The lenders did not single out any country for criticism. Forty-three nations and territories sent delegates representing governments, non-governmental organizations and academic institutions.

But Shoji Nishimoto of the ADB's strategy and policy department remarked that "where you have very unequal income distribution, that country cannot maintain stability."

He said increased globalization could also bring the public's attention to economic inequality within a country.

"People expect the market to play a fair game and people will wonder why the (results) are uneven," he said. Chino said that despite rapid growth in recent decades, two-thirds of the world's poor live in Asia.

"Poverty is not immutable," he said. "Public policy and action can alleviate poverty."

He said since that since 1999, the ADB had made poverty reduction its main priority, stressing that "growth is the most powerful weapon in the fight against poverty."

However, growth alone was not sufficient and any growth must be "pro-poor and sustainable" to have an impact on poverty, he added.
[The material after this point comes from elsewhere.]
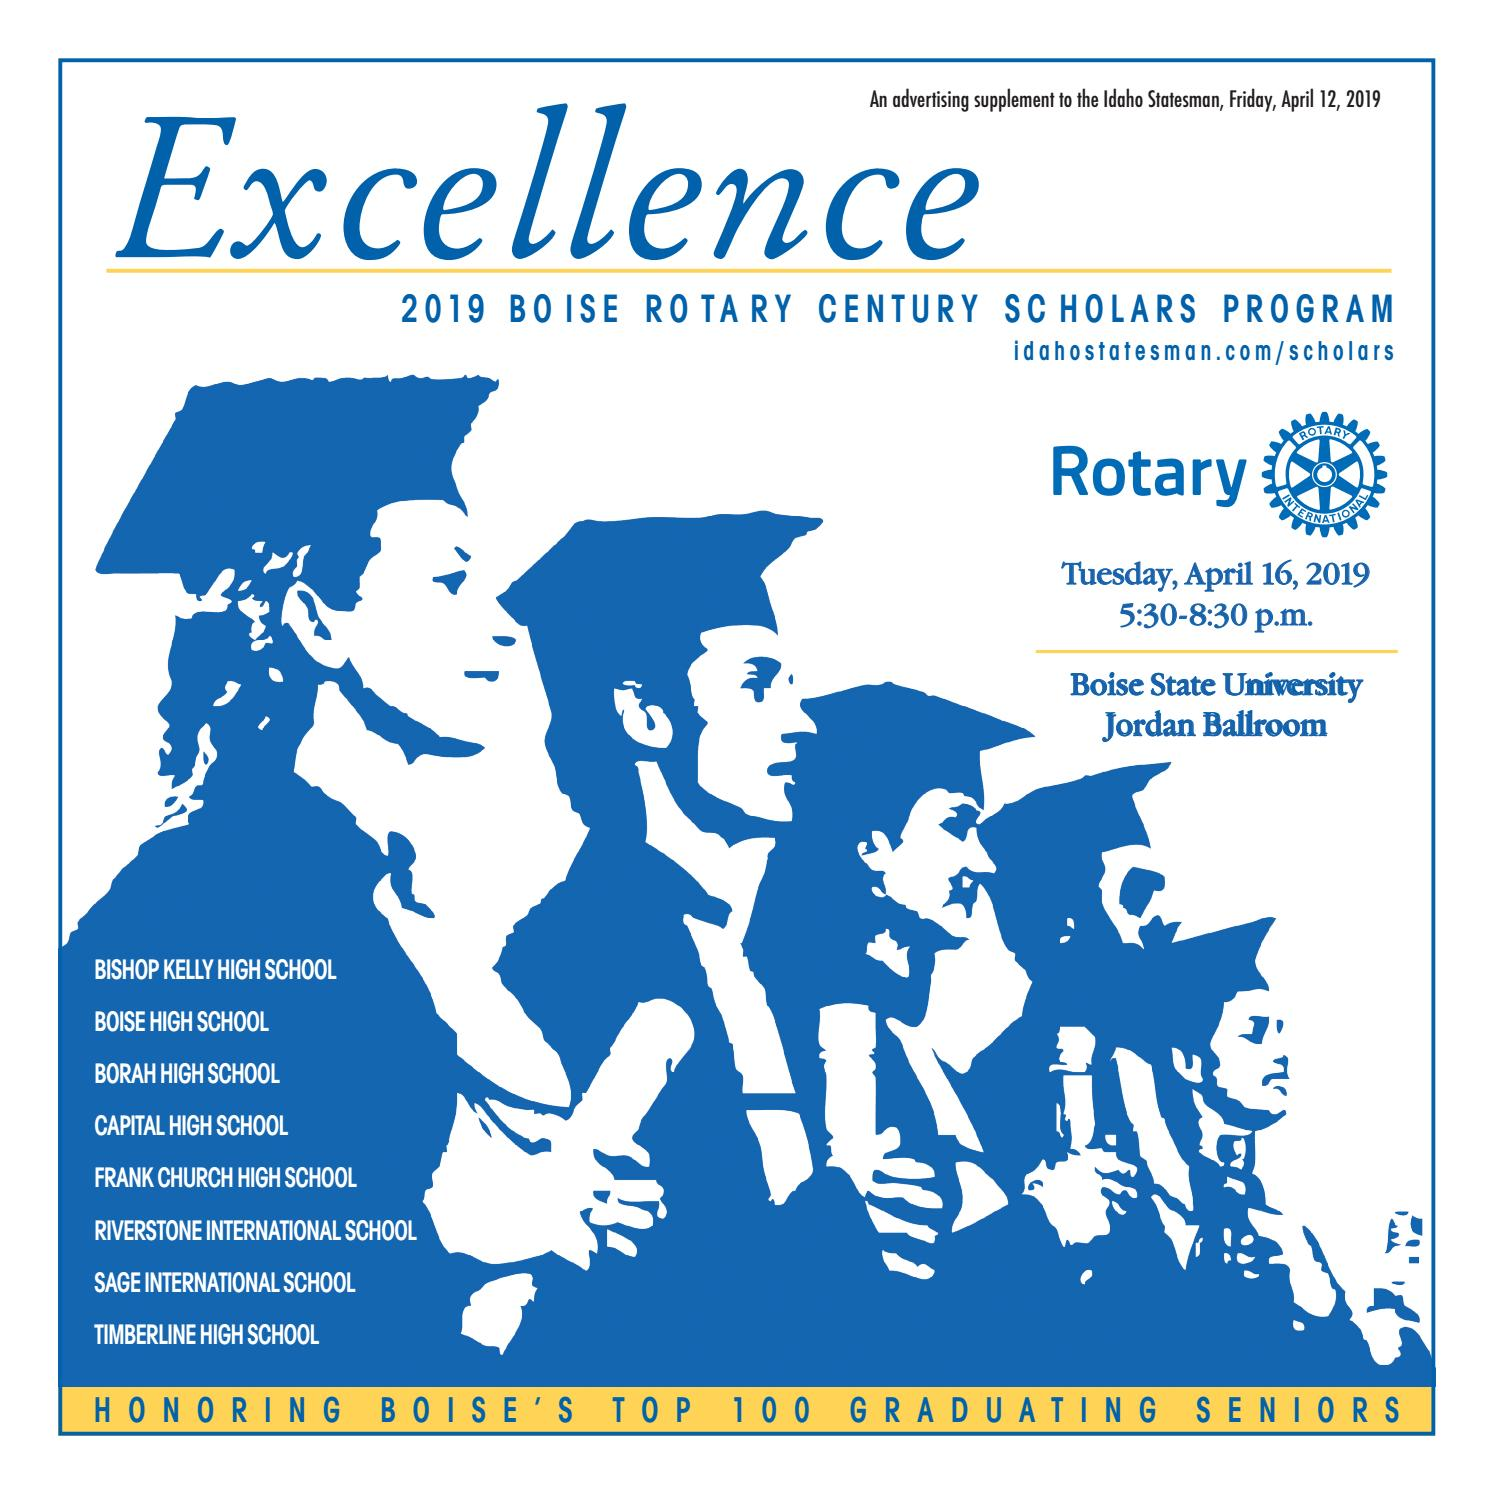 2019 Boise Rotary Scholars by Idaho Statesman - issuu

It must be accompanied by social development such as basic education and measures to eliminate gender discrimination, Chino said.

Growth must also be accompanied by good administration to ensure it is not wasted, he added.

The ADB meanwhile said it was close to achieving its objective of allocating 40 percent of its resources to poverty reduction.

Speaking at the same forum, Hafez Pasha, the UN Development Program (UNDP) assistant administrator and director for Asia- Pacific, called for the strengthening of democratic measures and a review of countries' economic liberalization policies as part of the effort to alleviate poverty worldwide.

In a veiled reference to the International Monetary Fund (IMF) policies against fiscal deficits, Pasha said developing countries should not let "a preoccupation with fiscal deficits" lead to the adoption of policies that hurt the poor.

Pasha also said the Asian crisis of 1997 showed that trade liberalization policies combined with ill-timed financial liberalization could actually worsen poverty.

He said he was not calling for huge fiscal deficits but remarked that countries could focus on boosting revenues through better tax collection rather than by cutting spending.

Alleviating poverty requires "much more focus on employment generation," a "dissolution of assets" as well as "empowerment of the poor" and "development of democratic institutions" to allow such empowerment.